Or am I reading this wrong?



EDITED TO ADD

Might aswell add all of the info from the 3 ASG Page to get a better pic.....



> The CIS support is organized into three sections:
> 
> a.CIS Plans which provides Command and Control;
> b.Area CIS Svc Ops which provides Area CIS Service Support; and
> ...


----------



## PuckChaser (30 Dec 2009)

I believe Jammer meant that 3 ASG doesn't support the TacRad requirements of line units the same way 1,2, or 5 Sigs do.


----------



## Jammer (30 Dec 2009)

You just answered your own question.
Reread my post regarding the LINE units (2 RCR, 4 ESR). 
You are correct, however in that *PRIMARILY CTC* draws it's Sig support from 3 ASG.


----------



## MikeL (30 Dec 2009)

Jammer said:
			
		

> As for anyone coming off thier Apprentice crse going to an ASG anywhere...no chance at all.



Good that they stopped that, keep the guys in the field units. I know a few guys who's first posting was 1ASG/SigSqn, but that was awhile ago.

Another posting that the new Sigs can get is straight to a Combat Arms unit.
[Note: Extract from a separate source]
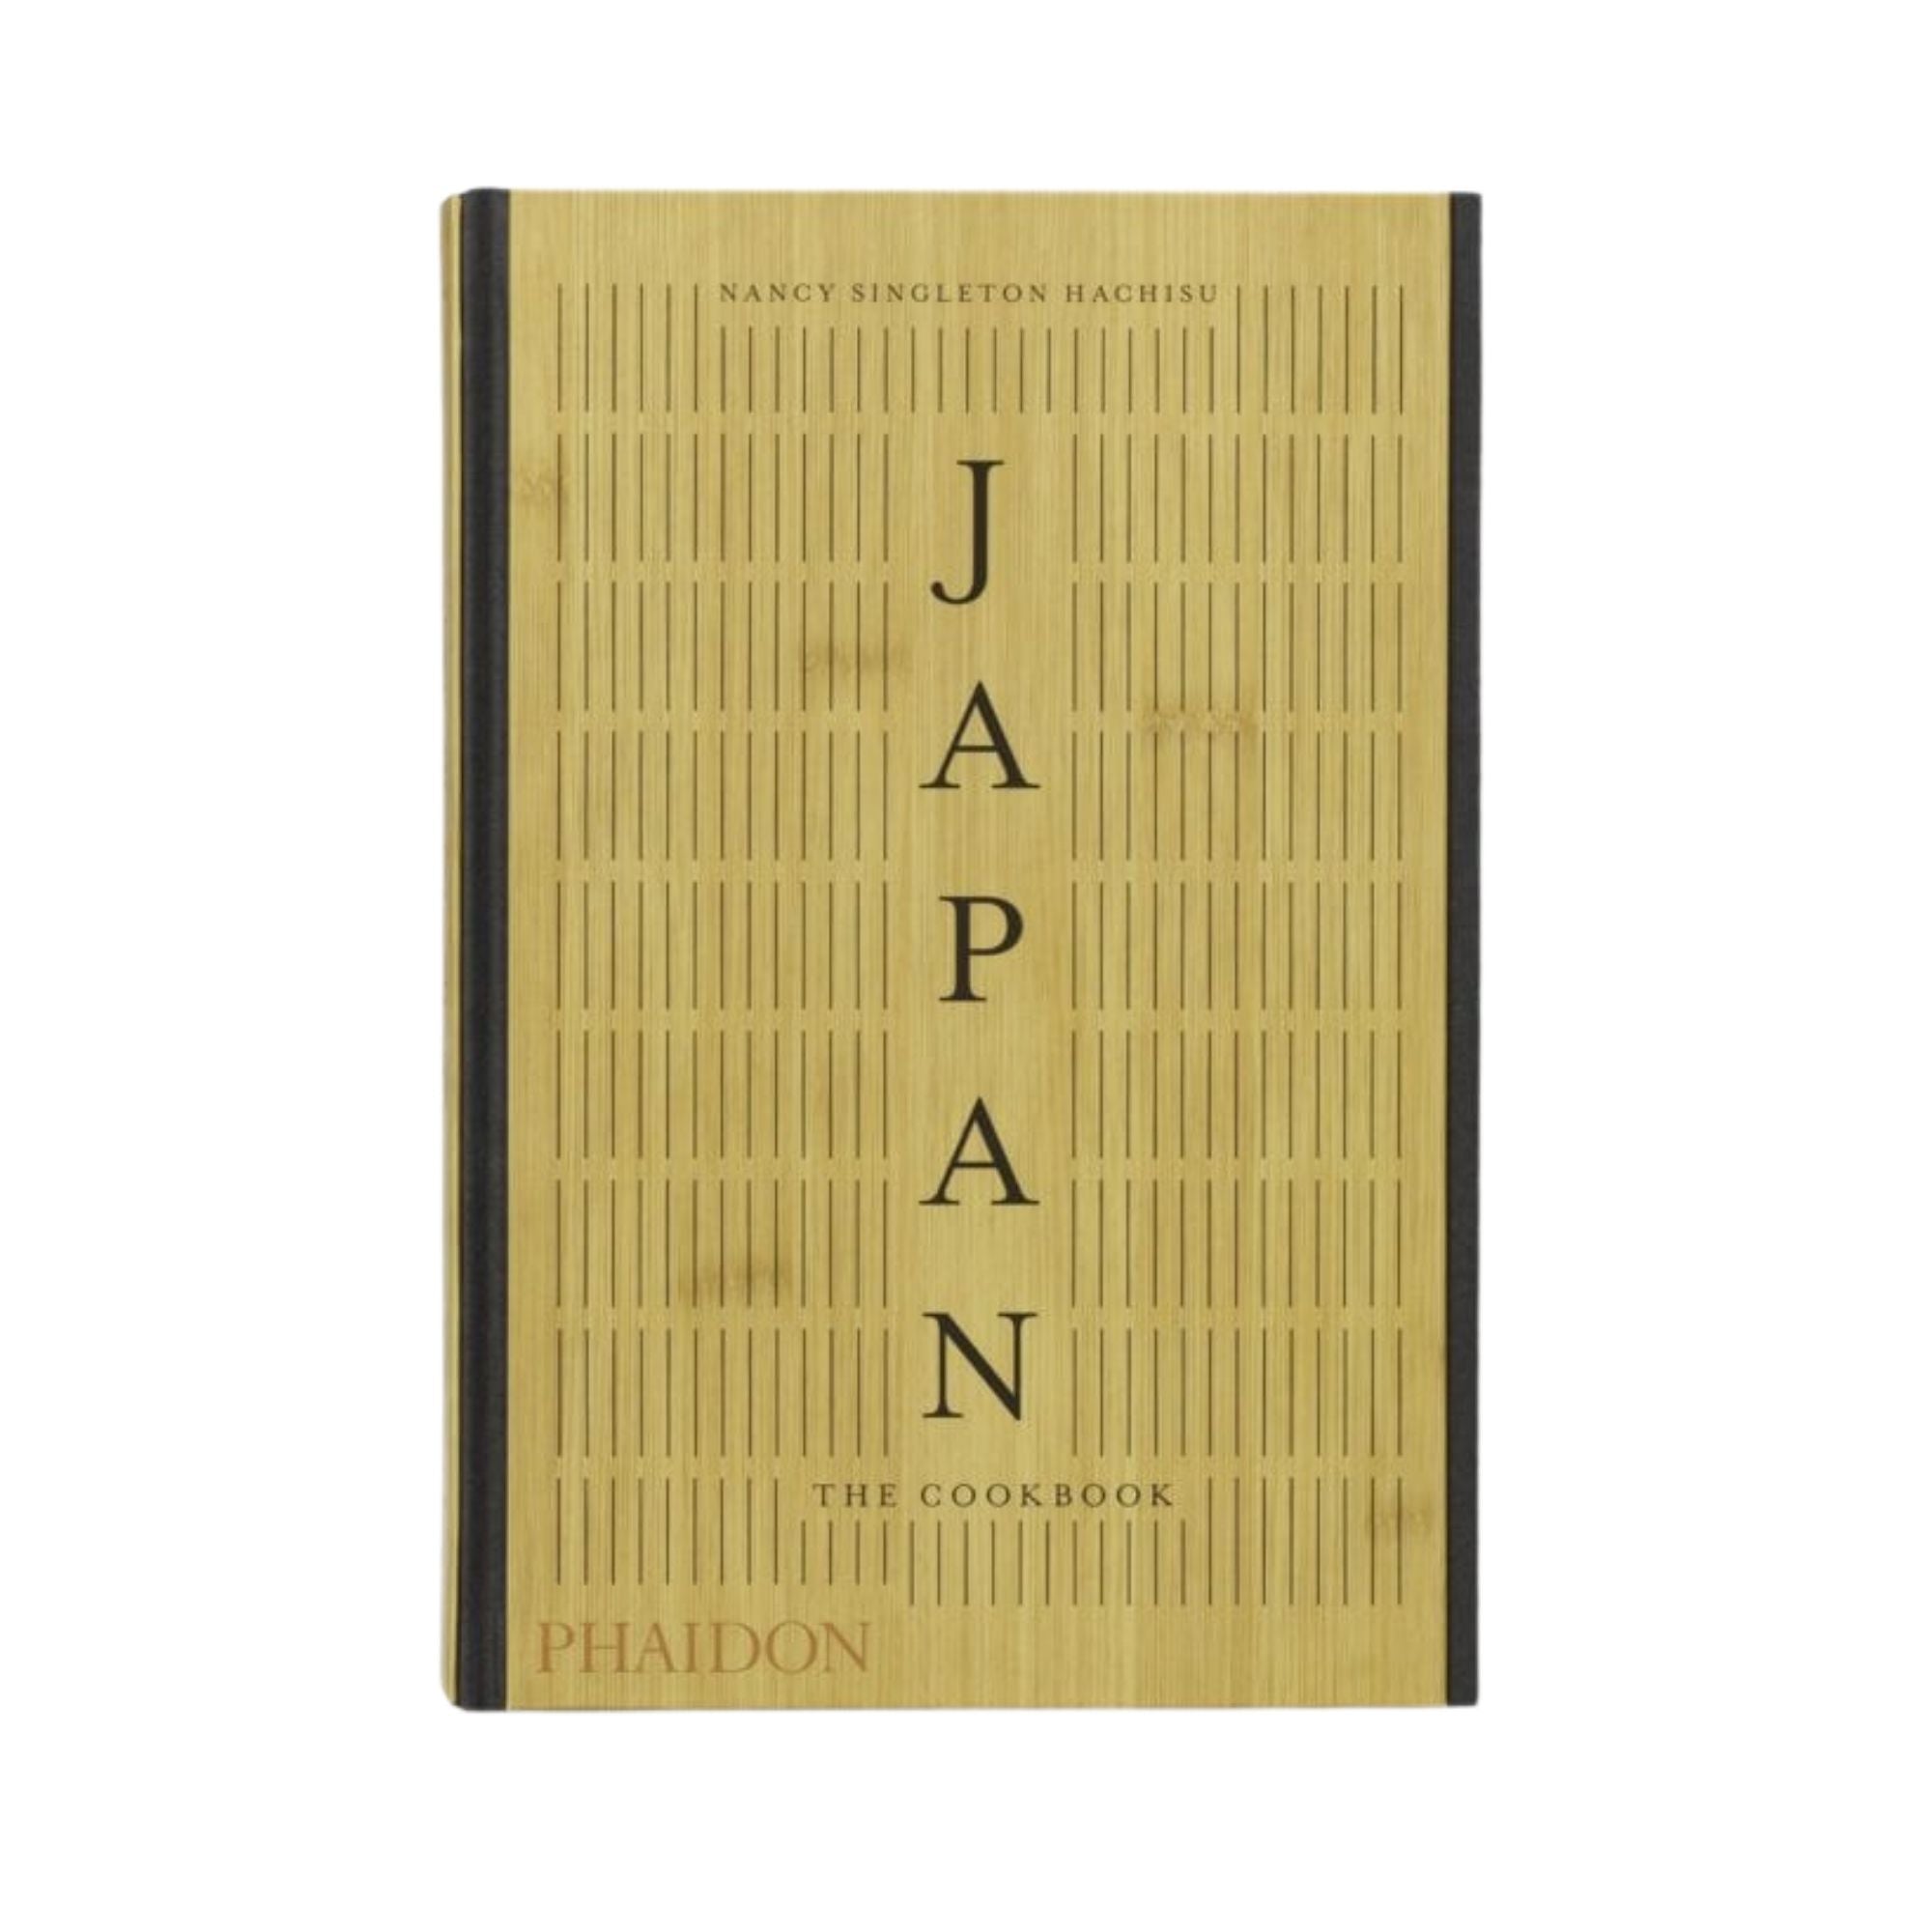 Japan – The cookbook

Don't think it's to common though.

Also for Sig Op course info.. if Jammer is who I think he is an he's out with you on your FTX... it'll be interesting to say the least haha


----------



## Jager (22 Jan 2010)

-Skeletor- said:
			
		

> Also for Sig Op course info.. if Jammer is who I think he is an he's out with you on your FTX... it'll be interesting to say the least haha



Now you've got me wondering who he is.... Guess I'll find out after Podium when I go do my 5's


----------



## 211RadOp (24 Apr 2010)

I know exactly who Jammer is, it should be interesting.  Didn't know you were posted back home Jammer.


----------



## Mojo Magnum (27 Apr 2010)

C.O.D!!!!
Congratulation on joining the best trade in the Army!!
Yes you will deploy!  Yes you will love it!  Yes you will make a good buck doing it!
Day to day life?  Like so many things, you get out of it what you put in, but I'm sure you're looking for more detail.  While there is a long list of duties and a wide variety of taskings you can find yourself employed in, for now, focus on learning what you are taught, increasing your cardio, and talk to every Sig within the sound of your voice.  There is so much to learn, and as you learn, you will be able to steer your career toward your preffered direction.  

Like anything in life involving people you will meet those who are on their way up, those who are on their way out and some who have gotten stuck in a rut or lost sight of their goals.   Learn from their example, you will learn the pitfalls very quickly.  Drugs, poor attitude, and laziness can freeze your career and rob you of opportunity very quickly.  Remember that while you are in the Army you are always being assessed.   The best advice I ever received was from a Warrant Officer Lambrock while I was in Meaford.  

He said "Do what you are supposed to be doing, when no one is looking.  Your career in the CF is based on trust.  The higher you go, the fewer people there are looking over your shoulder, but the greater the fall if you betray that trust."

In our trade I have friends who work on computer servers and little else, their tours are spent in air conditioned offices resolving all manner of computer (and user) issues.  Others have been employed as Riflemen.  These fired up souls fullfill their Sig duties of making sure all comms are good (don't worry you'll find out what all that entails later), and then continue on as if they were infanteers.  These guys eat, sleep and breathe right along side the infantry guys.  

Every few years in the Army you will be "posted", meaning your job will change, as a Sig, this means you have the opportunity to work with many different trades over the course of your career.  I have already worked with Supply, Infantry, Armoured, vehicle techs and more

There will be times when you have the opportunity to choose what you do, and there will be times when you will "choose" to follow orders regardless of your preference.  The best thing you can do for yourself at this time is increase your physical fitness and foster a strong mental attitude.  You are embarking on a career that will test you mentally and physically, and as you will learn, the greater the challenge, the greater the sense of accomplishment!


Welcome to the family, you will love it!!


----------